The present disclosure relates generally to solid state electrolyte batteries and more specifically to packaging solid state electrolyte batteries for motor vehicles.

BACKGROUND

Solid state electrolyte battery cells require a different environment than liquid electrolyte batteries. Accordingly, there is a need for an improved battery enclosure

SUMMARY

A battery system is provided including a battery pack including a battery housing and a plurality of battery cells stacked within the battery housing in a stacking direction. Each of the battery cells includes an anode current collector, an anode material on the anode current collector, a cathode current collector, a cathode material on the cathode current collector, and a solid-state electrolyte sandwiched between the anode material and the cathode material for transporting ions between the anode material and the cathode material. The battery system also includes a pressure vessel. The battery pack is inside of the pressure vessel, and the pressure vessel includes a gas inlet and a gas outlet.

In examples, the battery system further includes a pressurization system for conveying compressed gas into the pressure vessel via the gas inlet to generate a force on the battery housing for maintaining uniform pressure on each battery cell in the stacking direction, the pressurization system including a gas inlet line feeding into the gas inlet of the pressure vessel and a gas outlet line exiting the gas outlet of the pressure vessel.
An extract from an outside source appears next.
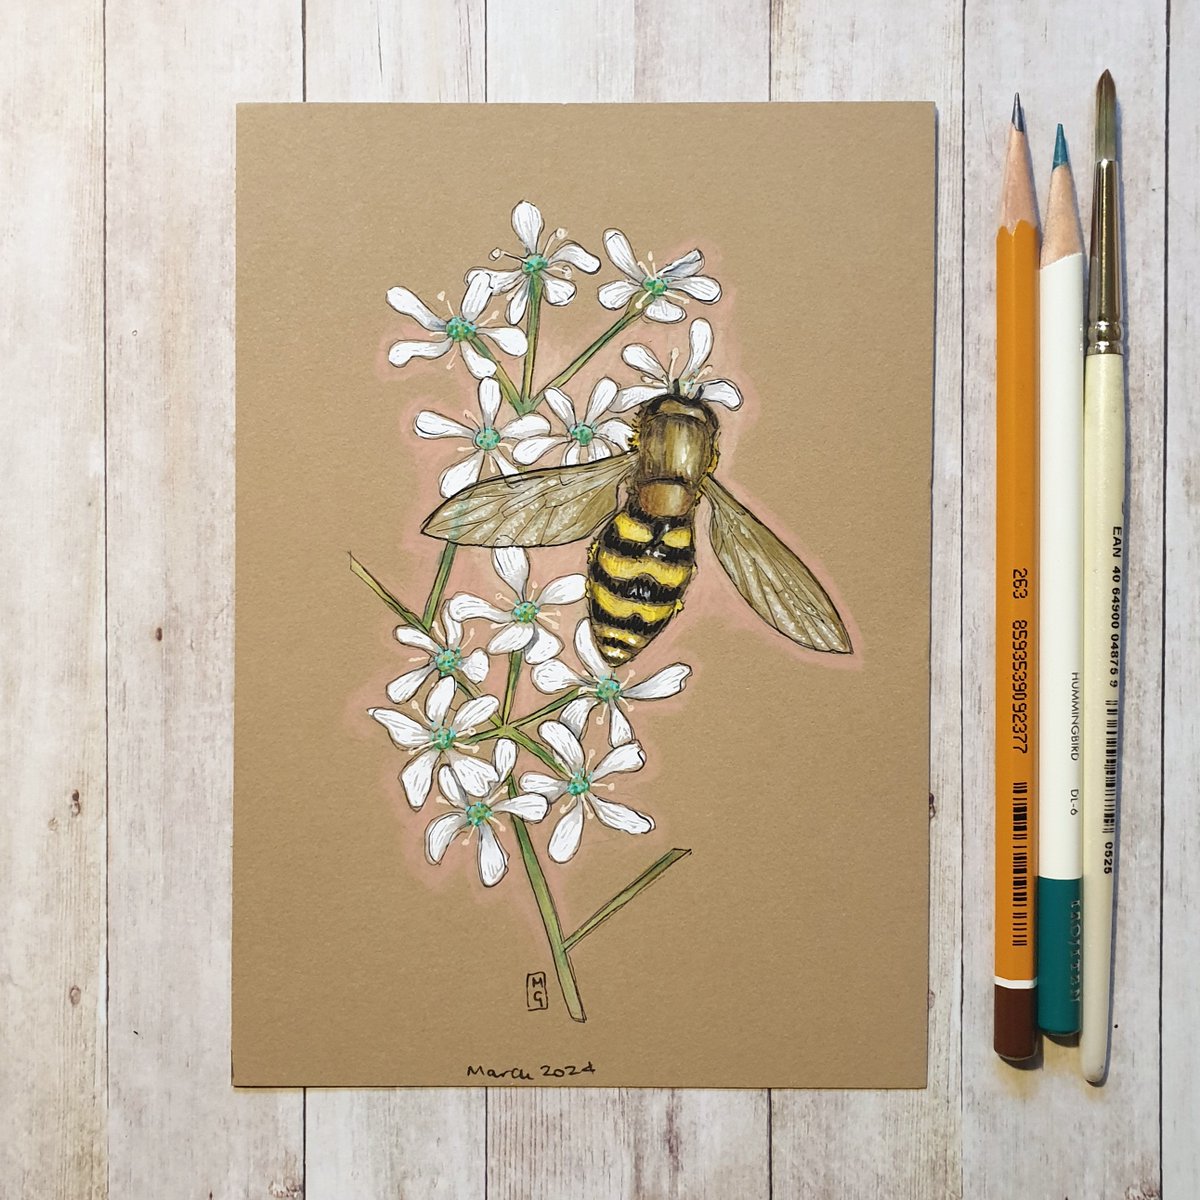 ⭐️New⭐️
Hoverflies are great pollinators.  They get their name from their ability to hover in mid-air.  Many hoverflies mimic wasps or bees, but hoverflies do not sting.
You can find my drawing here
theweeowlstudio.etsy.com/listing/169416…
#Hoverfly #insect #OriginalArt #drawing #TraditionalArt

In examples, the pressurization system includes a check valve in the gas inlet line for allowing gas to flow into the gas inlet and preventing backflow from the gas inlet.

In examples, the pressurization system includes a control valve connectable downstream of a compressor, the control valve including a first outlet connectable to an input gas line of a condenser for supplying compressed gas to the condenser and a second outlet for supplying compressed gas to the gas inlet line.

In examples, the pressurization system includes a controller configured to control the control valve to control a flow rate into the gas inlet of the pressure vessel based on a specified temperature within the pressure vessel.

In examples, the pressurization system includes a pressure relief valve downstream from the gas outlet of the pressure vessel for regulating a pressure of the compressed gas within the pressure vessel.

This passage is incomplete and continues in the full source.